There are two ways to implement a single-device PWM waveform generator. One method uses an ICM7555 timer, while the other uses a MAX998 low-power comparator. We will look at each.
Method 1: Use a Low-Power Timer as a PWM Generator
In this method an ICM7555 timer is configured as in Figure 1.
Figure 1: A PWM generator and timer for a single device.
In Figure 1 the pulse width of the output at Pin 3 is modulated by the control voltage (VCONTROL) applied at Pin 5. Lab tests were done on the design with the power supply set at 5V. Figures 2 through 5 show the PWM output at three different control voltages, 1V, 2V, and 4V. C1 is charged to VCONTROL by the supply voltage (VSUPPLY) and discharged from VCONTROL/2 to ground. When no external control voltage is applied, VCONTROL is at 2/3 of VSUPPLY.
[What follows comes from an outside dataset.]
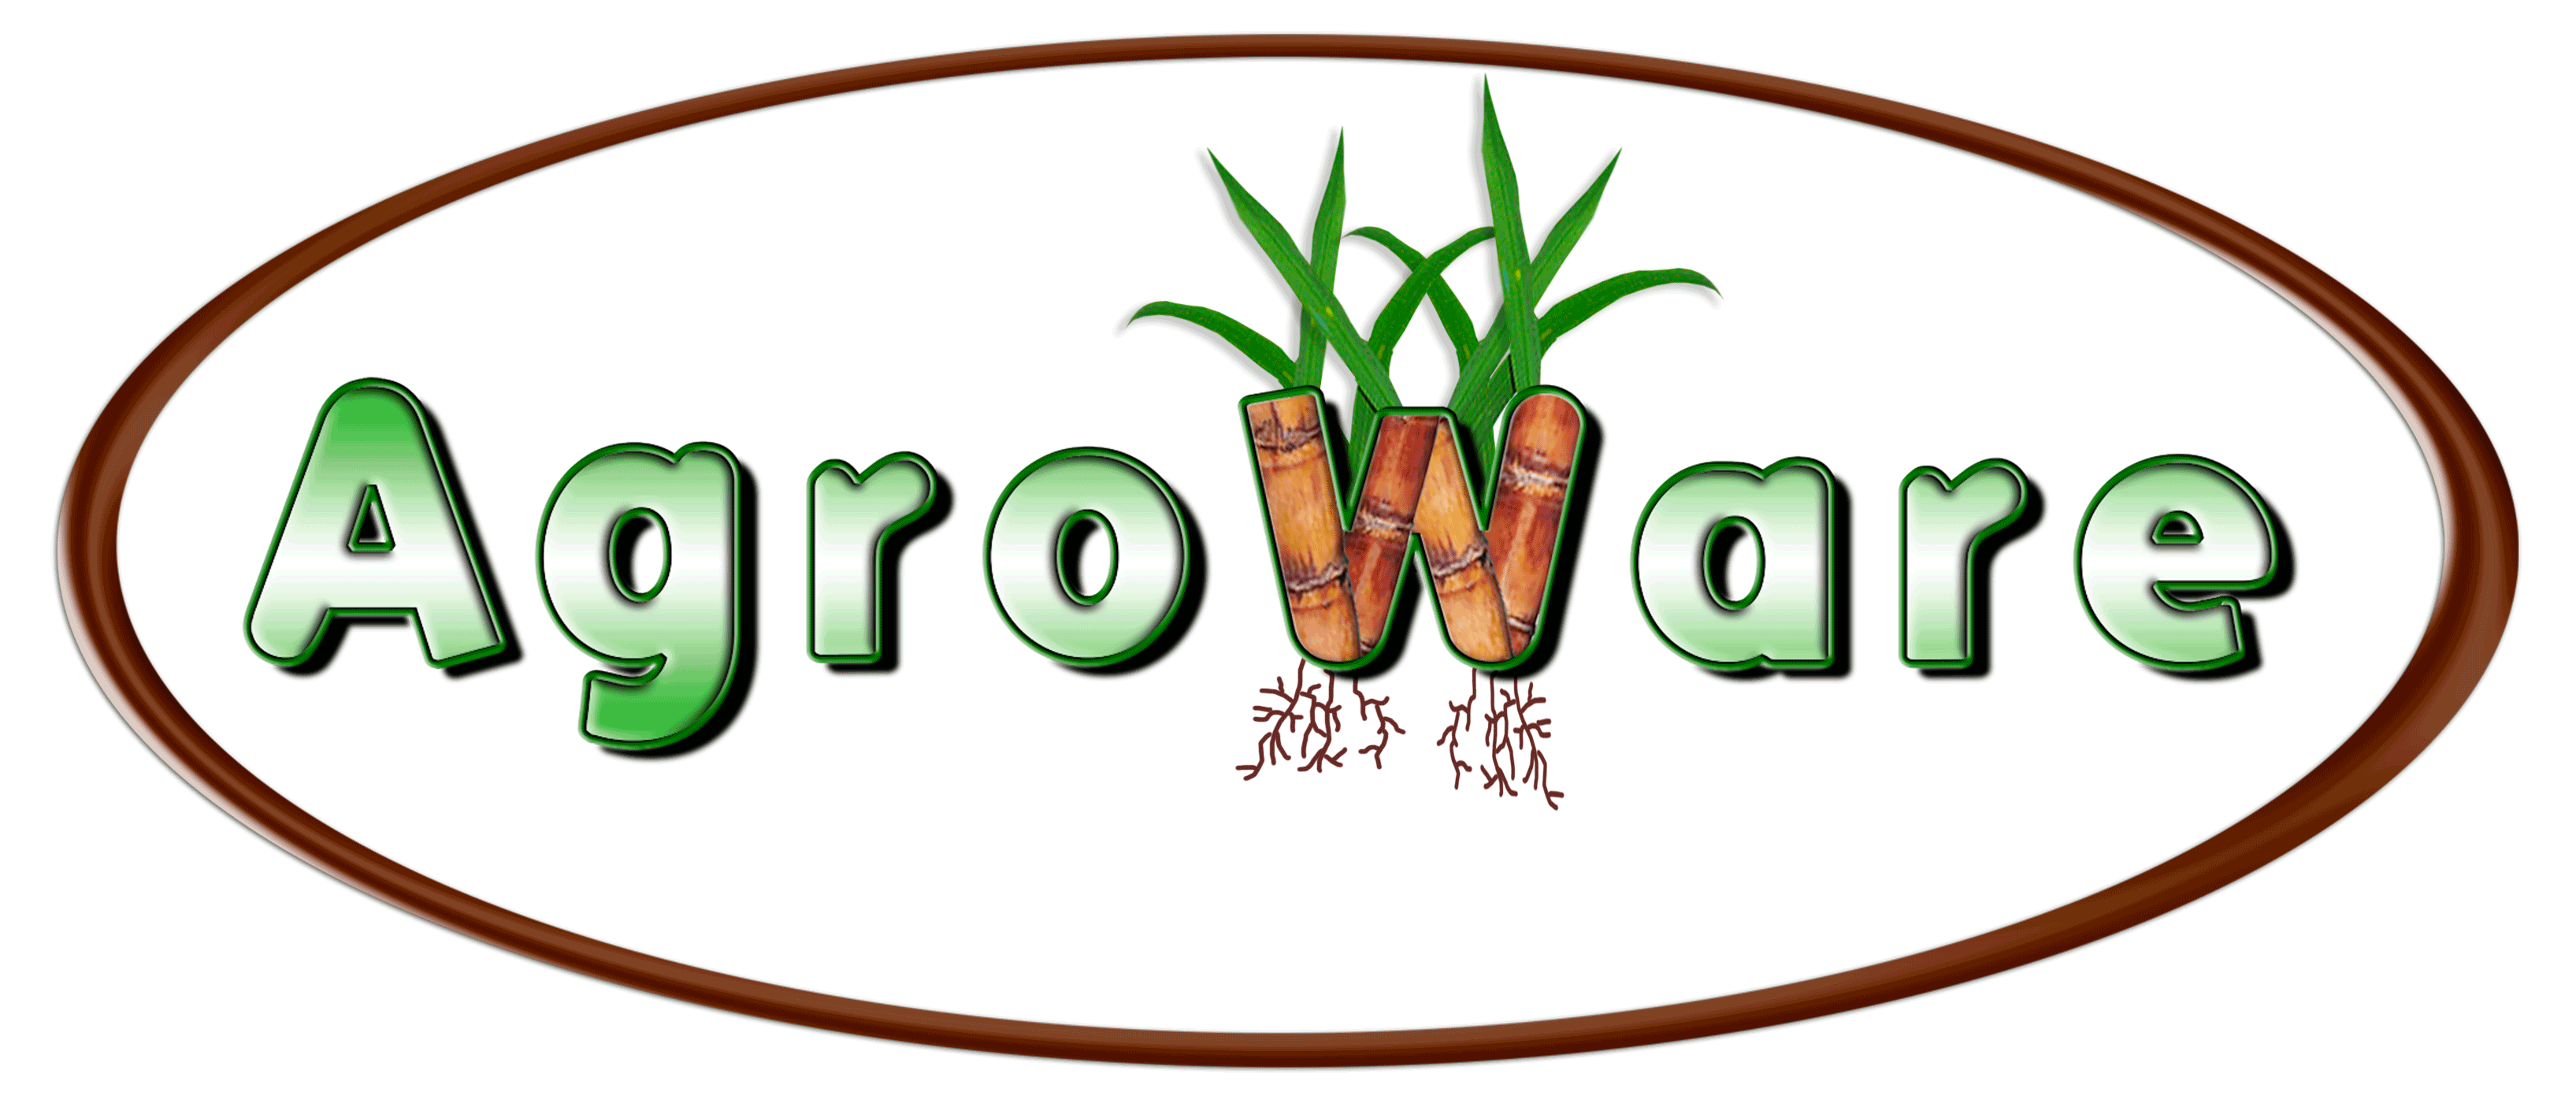 Agroware Logo

Figure 2: PWM output with control voltage = 1V
Figure 3: PWM output with control voltage = 2V
Figure 4: PWM output with no control voltage
Figure 5: PWM output with control voltage = 4V
The data illustrate how the control voltage applied at Pin 5 changes the threshold voltage of the two internal comparators. Without the applied control voltage (Figure 4), the device sets the charging and discharging of C1 at 1/3 and 2/3 of the supply voltage. This is equidistant from the supply voltage and ground, thus effecting a 50% duty cycle. The different control voltages change the charging time for C1 to reach VCONTROL and the discharging time for C1 to discharge to VCONTROL/2. This process alters the pulse width of the output waveform.
The charging time is expressed as:
-t/RC = ln [1 – (VCONTROL/(2VSUPPLY - VCONTROL))]
The discharging time is expressed as:
-t/RC = ln 0.5
Where R = R1 and C =C1.